Zero Trust is an end-to-end approach to network and data security that encompasses identity, credentials, access management, operations, endpoints, hosting environments, and the interconnecting infrastructure.
‘Zero Trust Architecture provides a collection of concepts, ideas, and component relationships (architectures) designed to eliminate the uncertainty in enforcing accurate access decisions in information systems and services’NIST Operative Definition
Organizations need to define zero trust strategy to enforce the security controls across the ‘defense in depth’ layers
IT Security leaders need to perform zero trust assessment across these defense in depth security layers and develop operating guidelines and road map to address potential business requirements.
Zero Trust Security Controls in Defense in Depth Layer
Modern business require effective security controls and more attention required to strength the identities that the organization deals with either users or machines.
Security solutions such as multi-factor authentication (MFA) are required to enforce the zero trust principles. Likewise integrating the single sign-on (SSO) for both external and internal applications are essential. Whilst having multiple point security products and different operational teams to monitor and manage, enterprise need to integrate and orchestrate the identity, access and privilege management solutions with other solution components such as SIEM, DLP, CASB, MDM and much more. Organizations need to consider various attributes such as User devices, Application, Network, Location, etc. to define identity based access policies.

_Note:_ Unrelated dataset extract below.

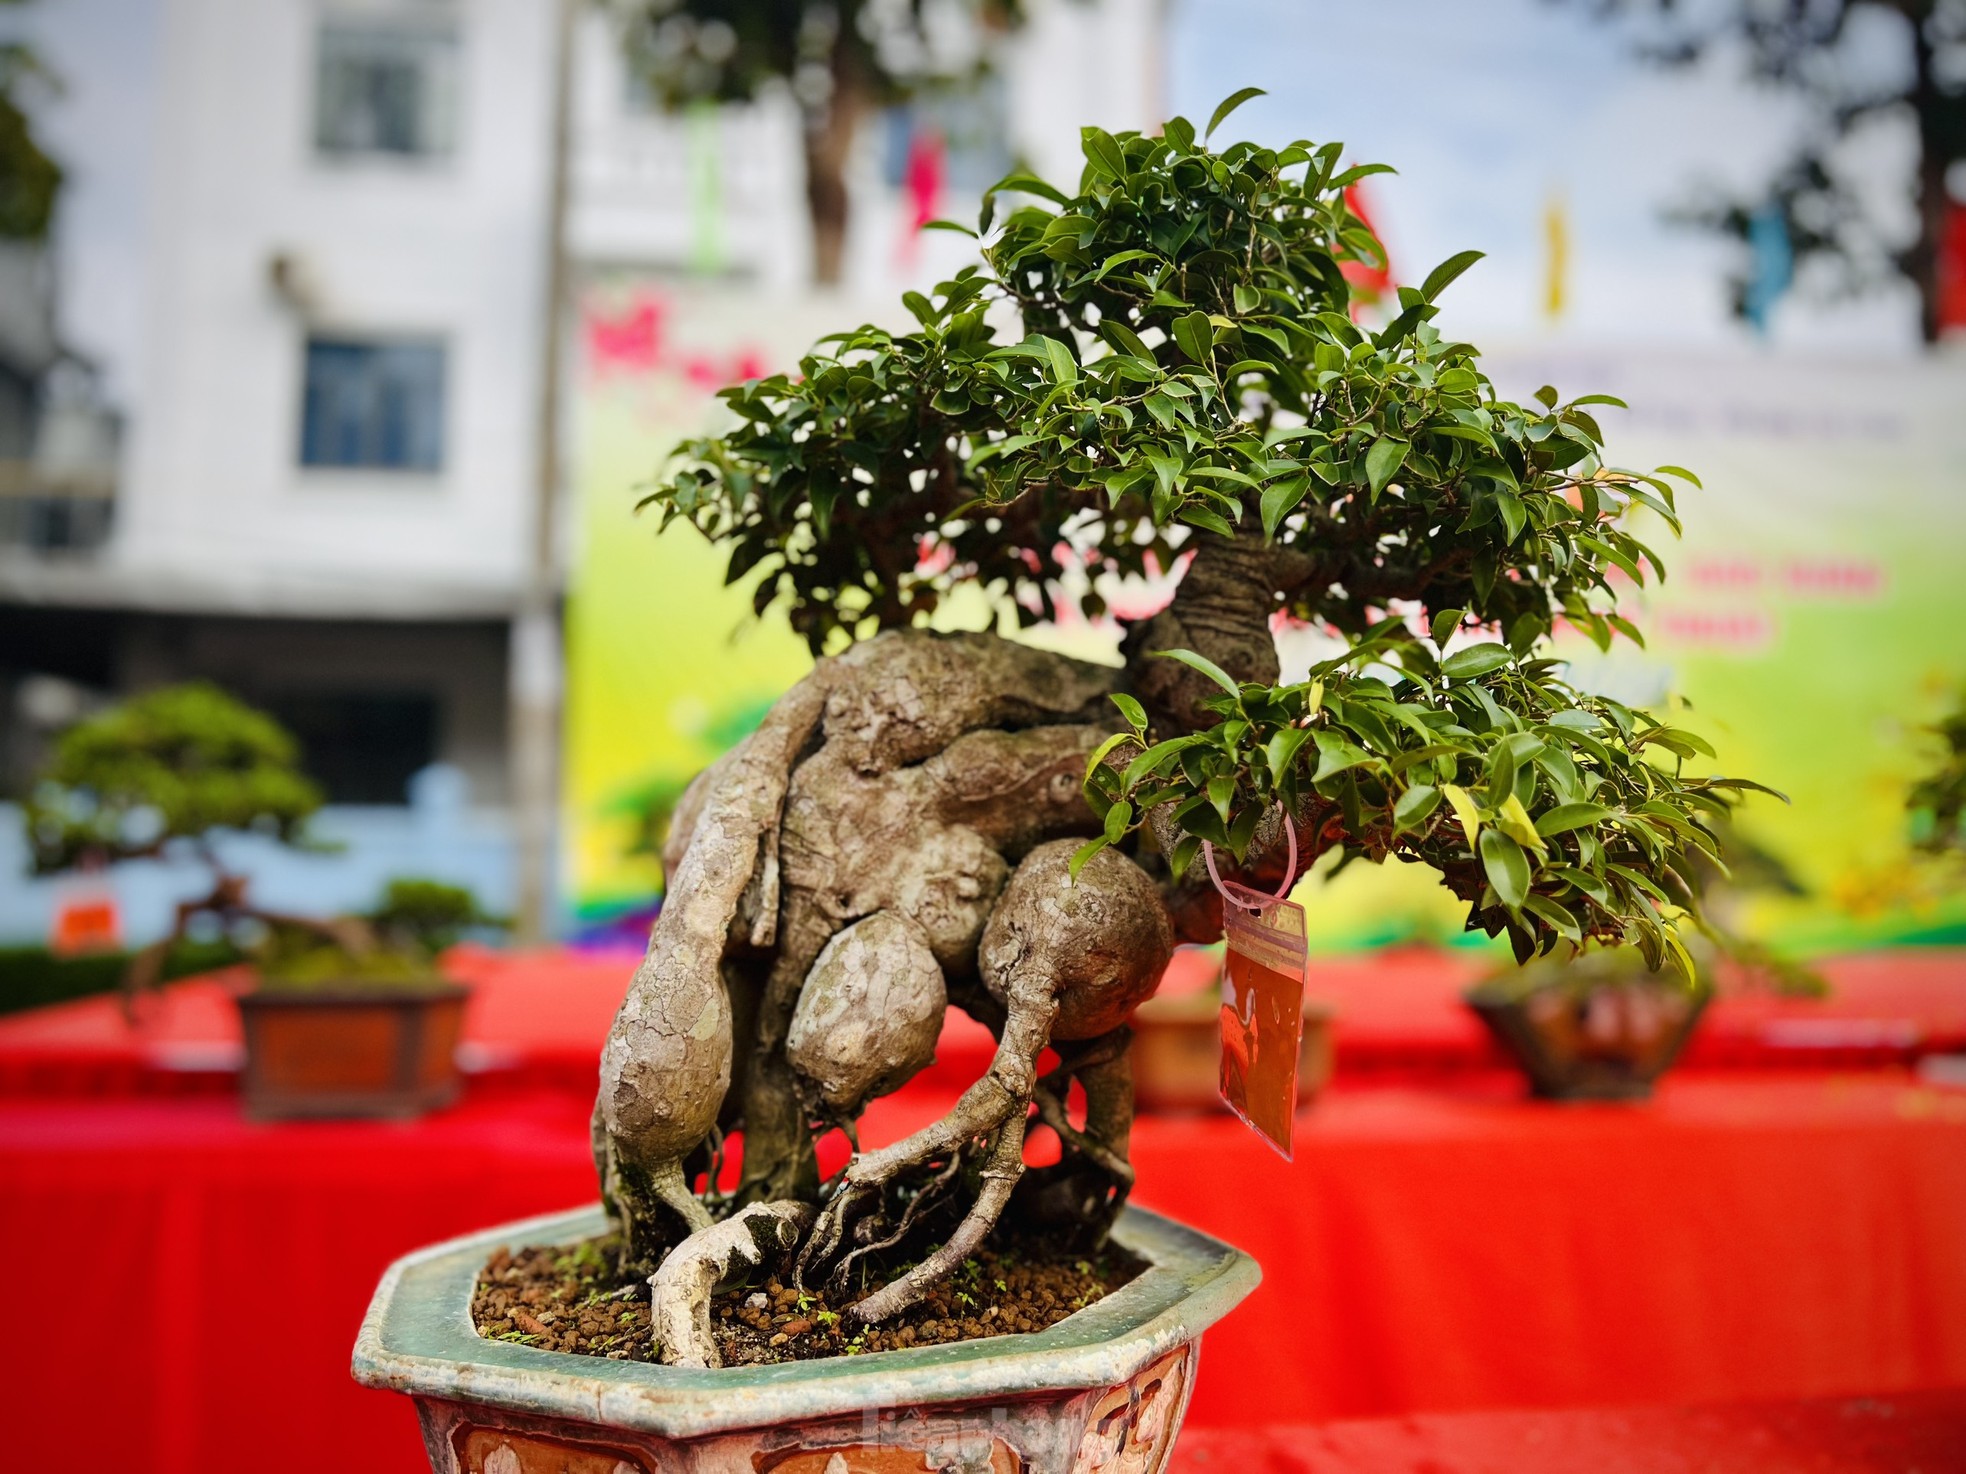 Dàn bonsai độc lạ, giá lên đến 500 triệu đồng ở Quảng Ngãi - Ảnh 14.

Workforce today use multiple end user computing devices including smart phones to access corporate resources and access it from any locations. Enterprise should have visibility of both managed and unmanaged end user computing systems and its compliance to IT security policies. (example – Data protection policy, Anti virus management policy, etc.). Enforcing zero trust based remote access solutions are essential for ‘work from home’ scenario during demanding situations.
Most organization today depends on SaaS applications and this trend is likely to increase in future. Organization should know how to address the ‘shadow IT’ problem exists today and enforcing strict application security measures for both hosted and cloud applications. Business owner should made aware of the consequences of having privileged access and restrict administrative access with Just-in-time policies to reduce permanent permissions.
Digital business require hybrid infrastructure to deliver services – however organization face dilemma to choose security controls that are available with the cloud service providers over marketplace solutions. IT security leaders to validate whether they’ve specialized systems and tools to manage the endpoints, email systems, and other infrastructure components. Network segmentation and application segmentation are vital in order to adopt zero trust principles.
Data is critical for every business. Identifying the sensitivity and regulatory compliance based on the data are becoming crucial in recent days with increasing privacy concerns. Ensuring the data flow model including machine to machine require access decisions based on organizations guiding principles. Organizations need to enforce encryption, integrity, de-identification, protect misuse and other fraud prevention are must to survive in digital economy.
The slideshow below has recommendations at high level that organizations to adopt enforcing zero trust security controls.
Start enforcing security controls on your existing investments
Each organization has unique technology of choice, operational guidelines, use-cases and budget constraints. The enforcement of security controls based on documented zero trust security principles on the existing investments becomes essential as a good start. Organizations should perform ‘Zero trust’ assessments to have detailed visibility into both technology and operational gaps.
Security in continuous process and require constant learning as the attacks are sophisticated and targeted. Adopting to Zero Trust principles keep the business safe from any breaches.